Sie hat allerdings auch etwas getan, was man nicht tun darf. Sie hat – dummerweise im Fernsehen – erzählt, dass sie ein paar der gefangenen Fische auch wieder freilässt. Das ist eine unter Sportanglern weltweit übliche Sitte, hierzulande aber darf man eben nur angeln, was man auch verzehrt. Und das die Tierschutzorganisation Peta nicht nur dafür bekannt ist blutüberströmte nackte Menschen (freiwillig natürlich) in Käfige zu stecken, sondern den Feind auch medial im Blick hat, hatte Darga auch prompt eine Anzeige am Hals.

Mal unter uns, ja, man weiß inzwischen das die Geschichte von den schmerzunempfindlichen Fischen ein Märchen ist. Aber Fische sind Bestandteil einer ausgewogenen Ernährung, und Fische werden geangelt – oder in für die Tiere stressigen Zuchtfarmen geangelt. Ich habe nämlich den Verdacht, wenn wir warten bis die Fische eines natürlichen Todes sterben, wird die Fischversorgung langsam zusammenbrechen.

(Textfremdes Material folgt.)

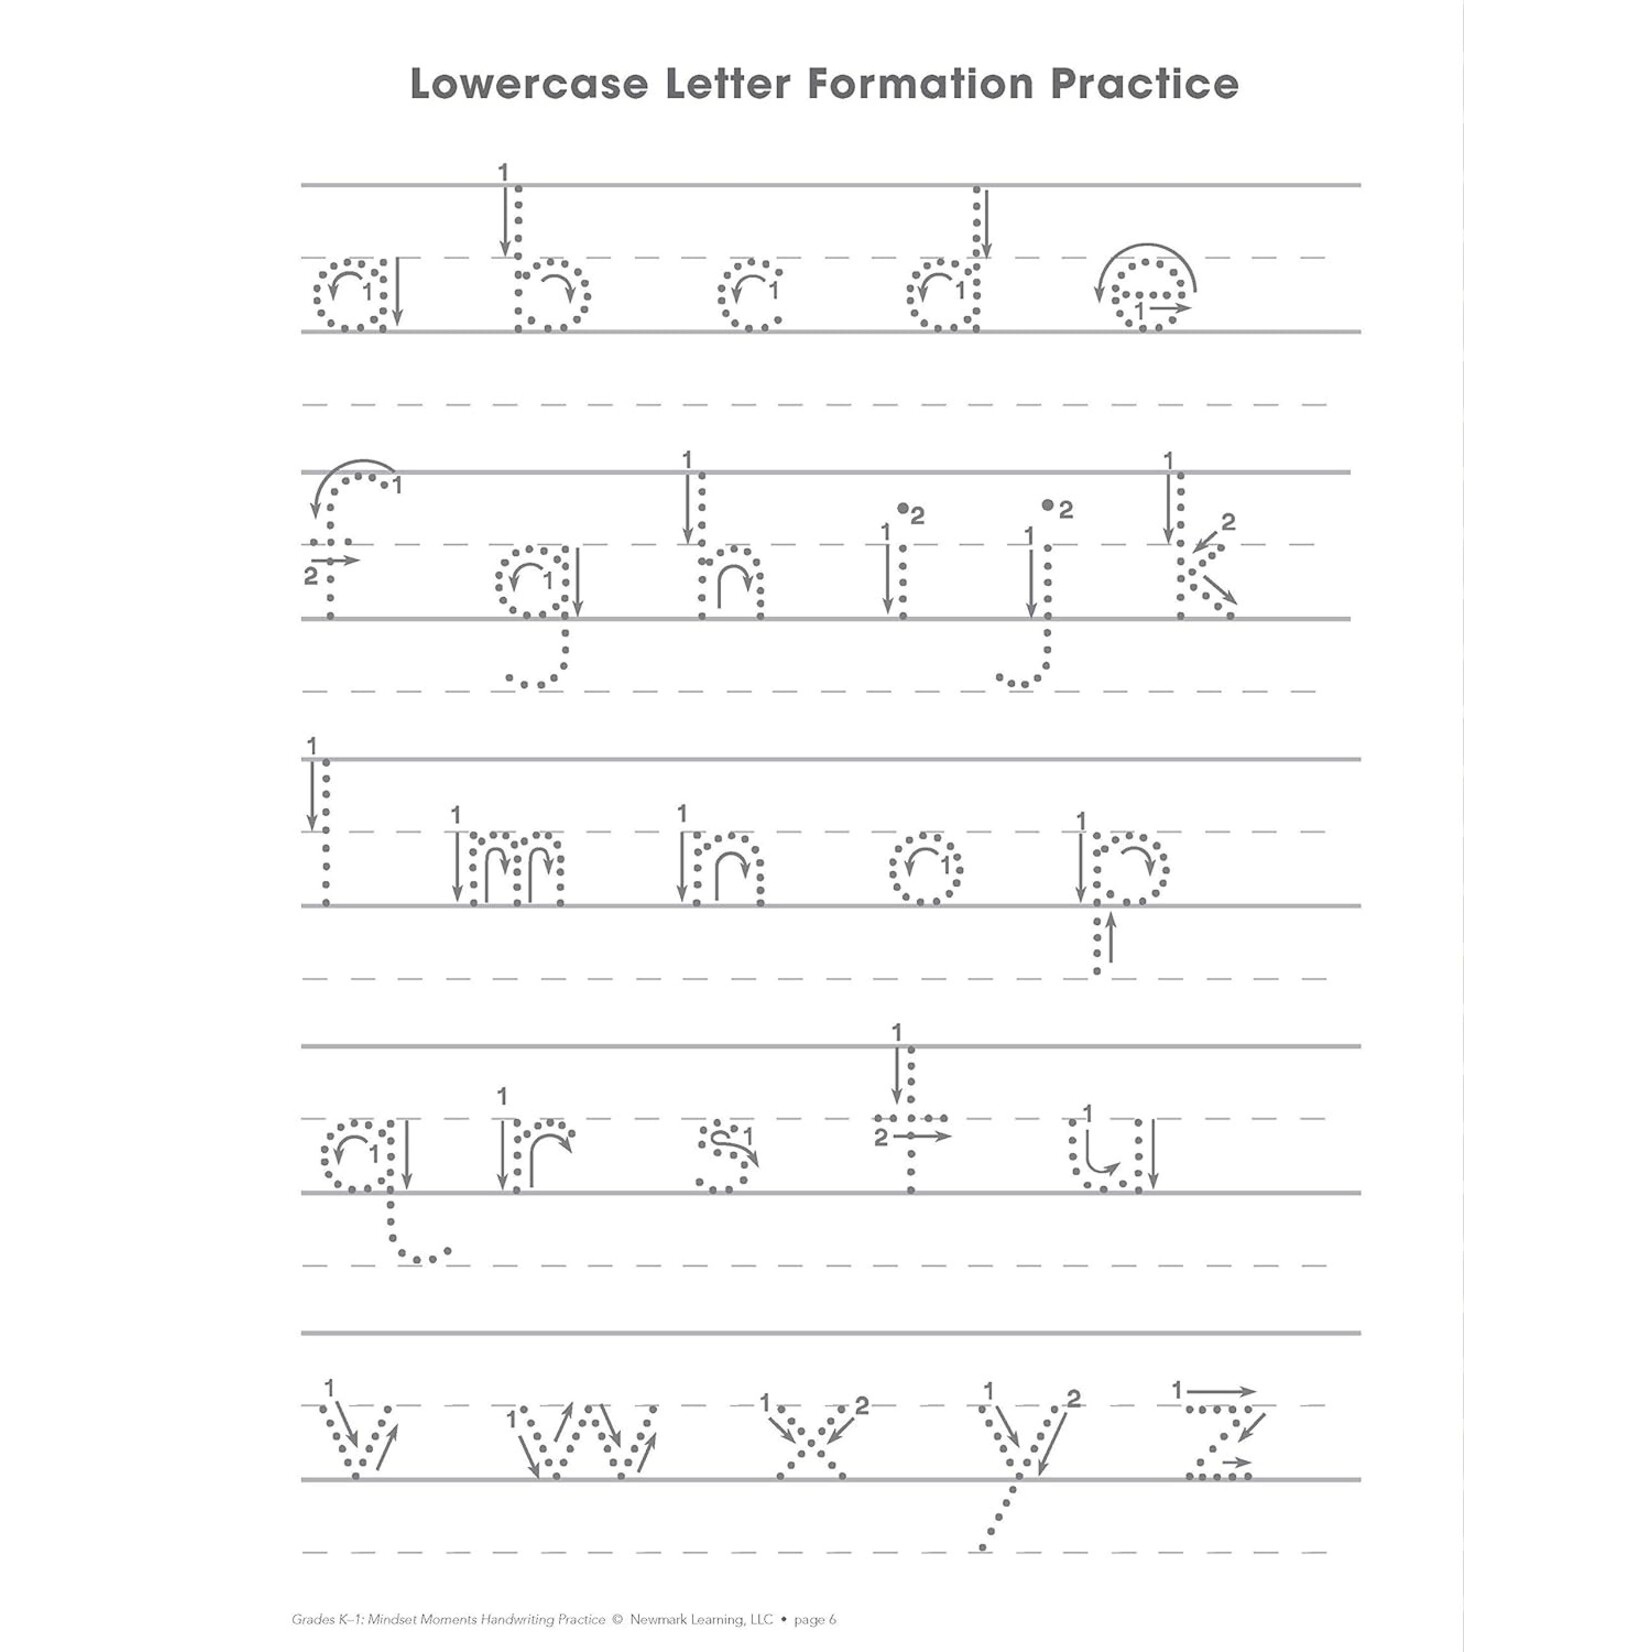 Handwriting Practice Manuscript Gr. K-1 - Mindset Moments

Das sich Leute 2019 über so etwas aufregen, zeigt zwei Dinge. Zum einen, dass der Anteil von militanten Ideologen unter den Veganern überdurchschnittlich hoch sein muss, denn entgegen der veröffentlichten Meinung sind Veganer und Vegetarier immer noch in der Minderheit. (Scheiße, hoffentlich kommen die nicht auf die Idee „vegan“ zu einem Geschlecht zu erklären, dann kann ich ja gar nicht mehr böse über sie herziehen?) Zum anderen deutet das aber darauf hin, dass wir tatsächlich in einer Gesellschaft leben, in der das Fleisch in den Kühltheken auf wahrscheinlich magische Weise zu Wurst und Steak mutiert. Berichte über Massentierhaltungen mögen uns kurzzeitig schockieren, aber im alltäglichen Leben ist die Verbindung zwischen Tier und Salami verloren gegangen. Was übrigens auch für die Leute gilt, die glauben es sei ein Menschenrecht und eine heilige Verpflichtung jeden Tag einen Braten in der Röhre zu haben. Bei den einen fehlt der Realismus, bei den anderen der Respekt.

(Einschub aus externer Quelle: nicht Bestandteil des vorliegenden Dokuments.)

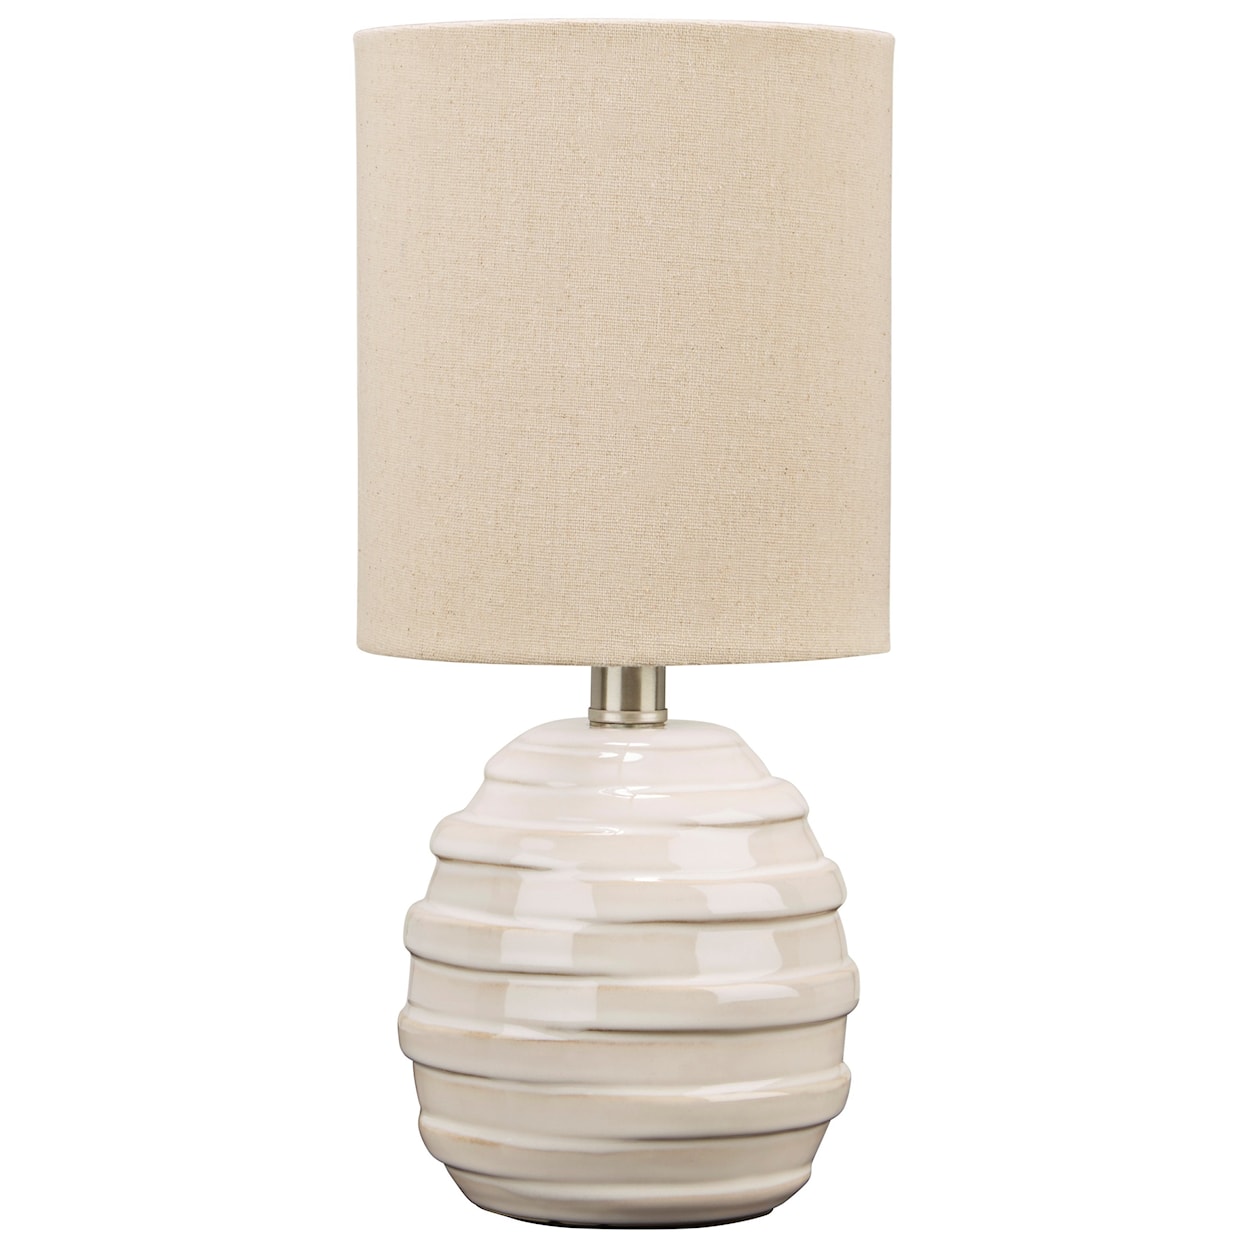 Ashley Furniture Signature Design Lamps - Casual Glennwick White Ceramic Table Lamp

Nüchtern betrachtet steht es jedem frei sich für eine vegane Ernährung zu entscheiden. Veganer präsentieren ja auch gerne Studien, dass ihre Ernährungsform gesund sei. Das der Mensch, hätte er sich von Beginn an nur vegan ernährt, wahrscheinlich nie ein Gehirn entwickelt hätte, dass solche Studien erstellt … Details, Schwamm drüber. Es wäre aber schon viel gewonnen, wenn alle Veganer dem Rest der Bevölkerung zugestehen würden, dass sich ein Mensch auch frei entscheiden kann ein Steak auf den Grill zu werfen. Und wenn sie weder den Anblick oder den Geruch ertragen, können sie sich ja zurückziehen und ihre Avocados essen. Nebenbei bemerkt verschlingt der Avocadoanbau für den deutschen veganen Hipster Unmengen von Wasser, in Chile leidet deshalb die Natur und die Menschen. Was aber egal scheint, weil a) Avocados sind hippstermäßiggeiles Superfood, und b) Chile liegt doch irgendwo am Arsch der Welt. Ich meine, da gibt’s nicht mal mehr bedrohte Urvölker, die im Amazons gerade mit den Flammen kämpfen. Aber der Typ mit dem 1,20 Hecht ist ja ums Eck, darüber regt man sich dann auf.

Kommentare

Für viele scheint sowas wie Verhältnismäßigkeit nicht mehr zu existieren. Ihnen wird ein Köder hingehalten und sie schnappen zu. Die Dürftigkeit vieler Kommentare, nicht bloß ihre „Länge“, deuten auf ein hohes Aggressionspotenzial. Das zeigt sich themenübergreifend und spiegelt vielleicht eine unumkehrbare Veränderung in unseren Gesellschaften wider.

Die Art wie unsere Medien heute arbeiten, glaube ich, spielt der Entwicklung meines Erachtens in die Hände. Das wissen alle Verantwortlichen natürlich. Sie scheren sich nicht drum, weil sie glauben, ihre Existenz nur auf diese Art und Weise sichern zu können. Dass dabei leider viel mehr den Bach heruntergeht, interessiert scheinbar niemanden. Die AfD wäre ohne die von mir beanstandete Leichtfertigkeit der Medien nicht in der Lage, ihre Ernte im Osten einzufahren.